Grimoire Video | Buy at Amazon | Review by Jonathan Plombon
On the cover of Bill Zebub's BREAKING HER WILL, there's a "Gorezone Magazine" quote that reads, "After many years watching films like CANNINBAL HOLOCAUST, PIECES, and so on, I thought it would be impossible for a film to make me uncomfortable and nervous. I was wrong."
"Gorezone" has rarely been so astute in its assessments. BREAKING HER WILL clocks in at 94 minutes. That doesn't sound long. But it feels long. Really long. Ass long. It just won't end. You watch the first ten minutes. You think, "This can't be the entire thing." You're wrong. It is the entire thing. You think, perhaps this is intentional, perhaps the severe boredom one experiences while enduring BREAKING HER WILL is Zebub's way of inserting the viewer into the shoes, or handcuffs, of the film's tortured hitchhiker. We interactively feel her pain because we too have that uncomfortable feeling that this will never end.
I doubt that death-metal fanzine editor Zebub put that much thought into it. I'm sure he just thought it would be a "fucking awesome" idea for a movie. For the casual viewer, you can hit "stop." But for us Exploitation Retrospect reviewers, we have to sit through the entire thing. And that's what BREAKING HER WILL is. It's painful.
BREAKING HER WILL rips its "plot" from your standard LAST HOUSE ON THE LEFT exploitation fare, only reduced to the bare essentials of storytelling. You know those things in LAST HOUSE? Those things where we become emotionally invested in the characters so that their desecration actually means something? Fuck that, Zebub says with his script. That's not death metal enough, Zebub announces, probably while flashing finger devil horns and donning a black-pentagram t-shirt
This is the crux of BREAKING HER WILL: A man (Brian Joseph Glietz) abducts a female hitchhiker (Jackie Stevens), stashes her in his basement, disrobes her, and humiliates her in various ways all while uttering dialog like "I'm not going to fuck you if you're going to be into it" and "Just remember, I'm your God now." Jackie Stevens grimaces and mumbles well, muttering incoherently at the correct moments. Unfortunately, she eventually has lines. And even if I were wrapped up in the "story," I'd find it difficult to remain sucked in when she stoically (but also clearly, the woman can enunciate the hell out of a word) says, "For your defiance, you're gong to be fucked by five different men. They will each do it privately and report your behavior. "

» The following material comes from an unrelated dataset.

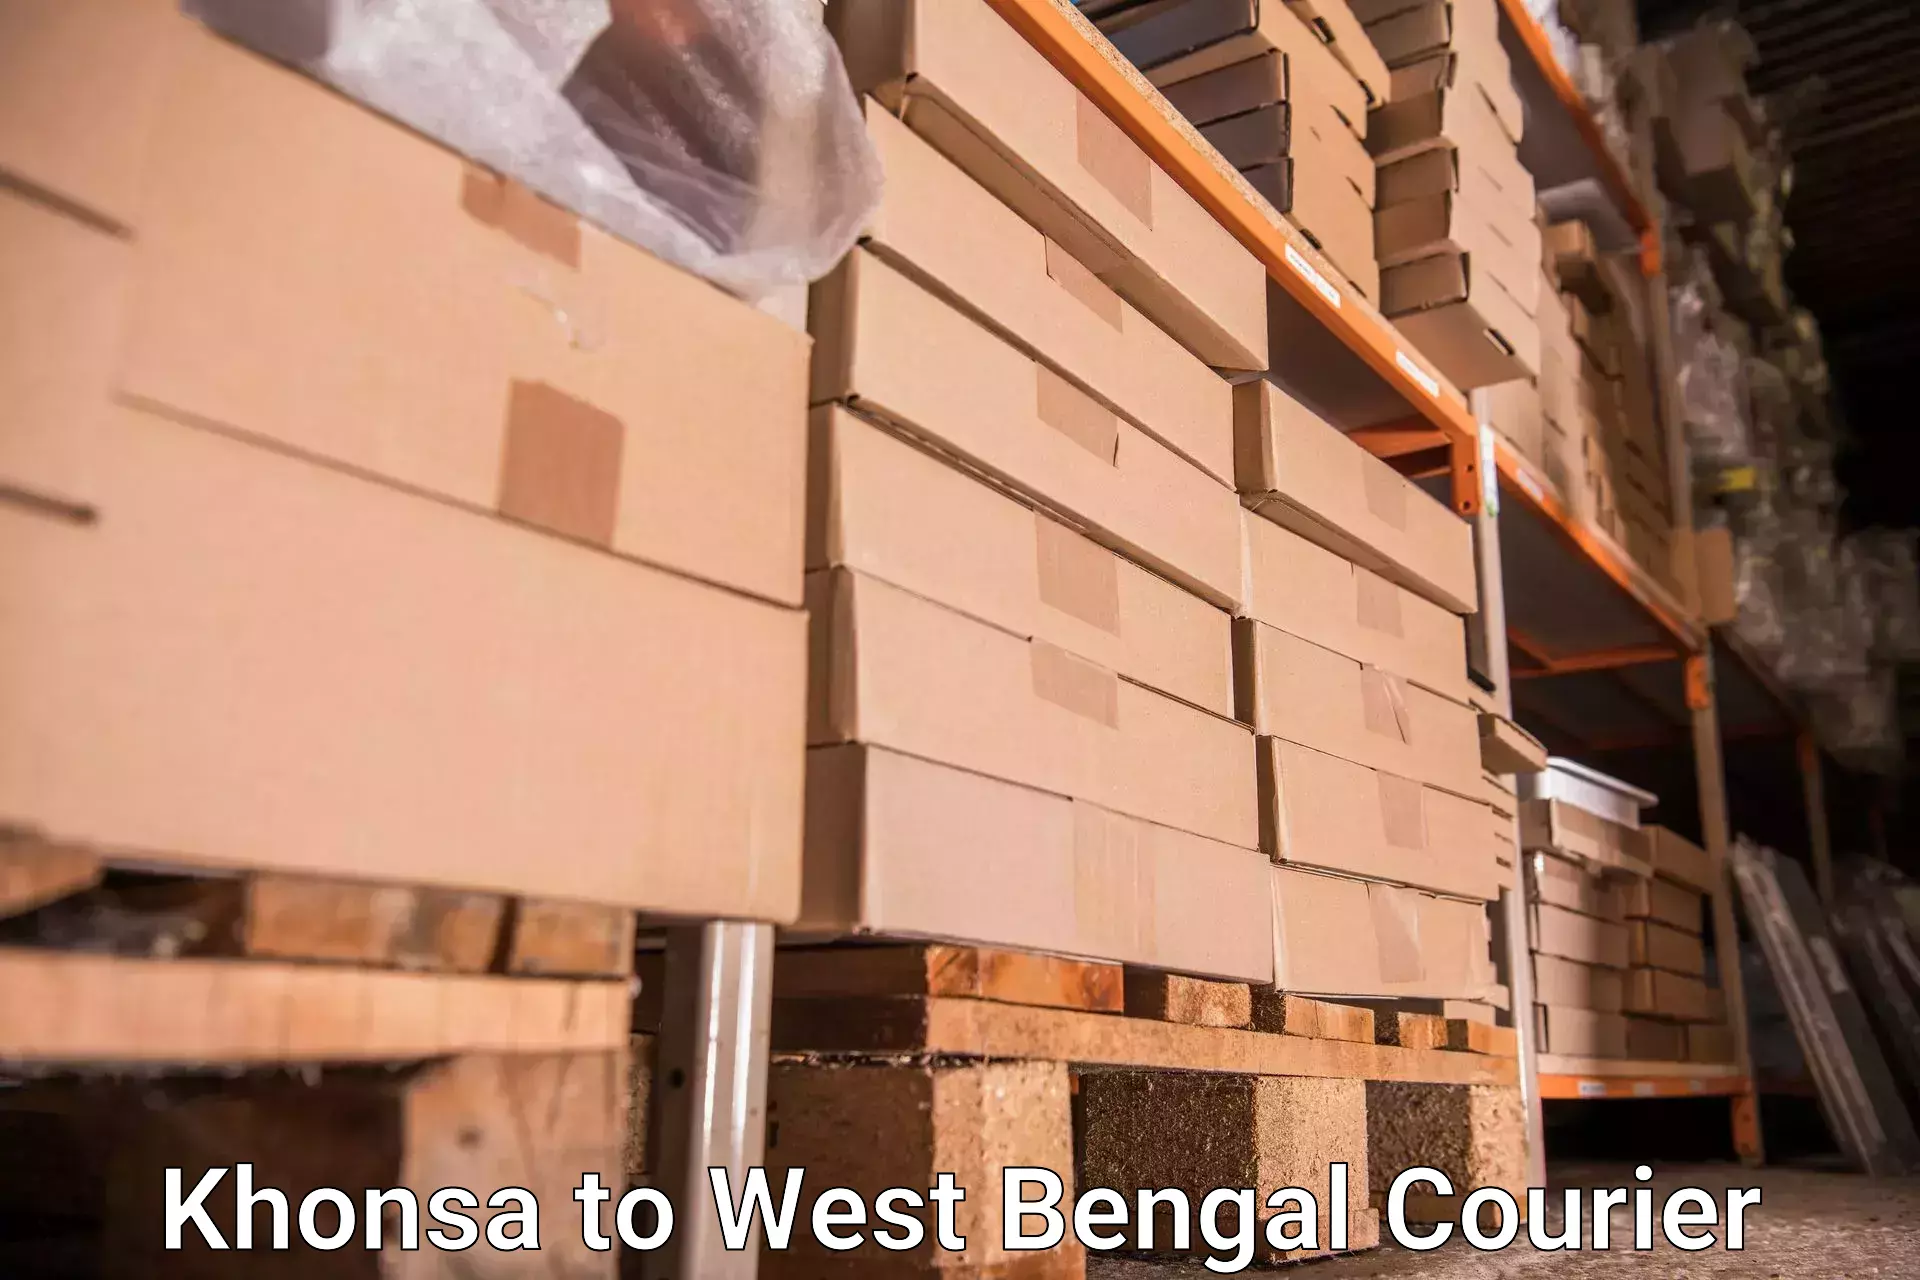 Personal effects shipping in Khonsa to Kalna

Dialog is the cornerstone of any Zebub film. It's so important that on Zebub's official Web site, he has it listed as a choice in a poll that asks for your favorite quality of his films. It's not even good dialog or witty dialog. It's just dialog. It's as if dialog is a quality unfound in the majority of other films. And here's an example of his dialog, as spoken by a woman (Kathy Rice) as she's being raped: "I don't love you. I will never love you. I love my boyfriend."
Zebub falls back on his reoccurring themes and images whenever possible: naked women crucified, verbal attacks on Christianity, a pounding metal soundtrack, and, of course, dialog. Apparently, Zebub doesn't have to change things up. He plays by his own set of rules. It's his way or the highway. How do I know this? It's on the back of the BREAKING HER WILL DVD packaging. The packaging states that Zebub is "an auteur [or auter, as it is spelled on the back] who only answers to himself," and this "allows him to take chances and push his films to the limits only he sets."
Those chances really aren't that big. I mean, for being such a "realistic portrayal" of indecent, incessant molestation, BREAKING HER WILL sure stops short. There's no penetration. No male nudity. A scene of forced urination is only heard. There are sex scenes, but Zebub doesn't usually aim the camera on the sex, but on the rapist's face as he cries like a baby because, I think, he can't relate to women. Zebub's nuances are difficult to pick up at times.
Look, I'm sure that Zebub is Satan's right-hand man, and that if the two of us were to get into a squabble, my Carpenters record collection would quickly succumb to his gang of tattoo-loving, pancake-makeup-wearing Norwegian metal heads. With that said, I think if Zebub was really that committed to unleashing demented hellfire and brimstone on our Christian society through the carnage of BREAKING HER WILL, he would have at least made the moral-deprived antagonist a Bible-thumper .
It's awful. But I will give it this: watching Glietz' face turn to tears as he rapes Stevens is pretty fucking funny.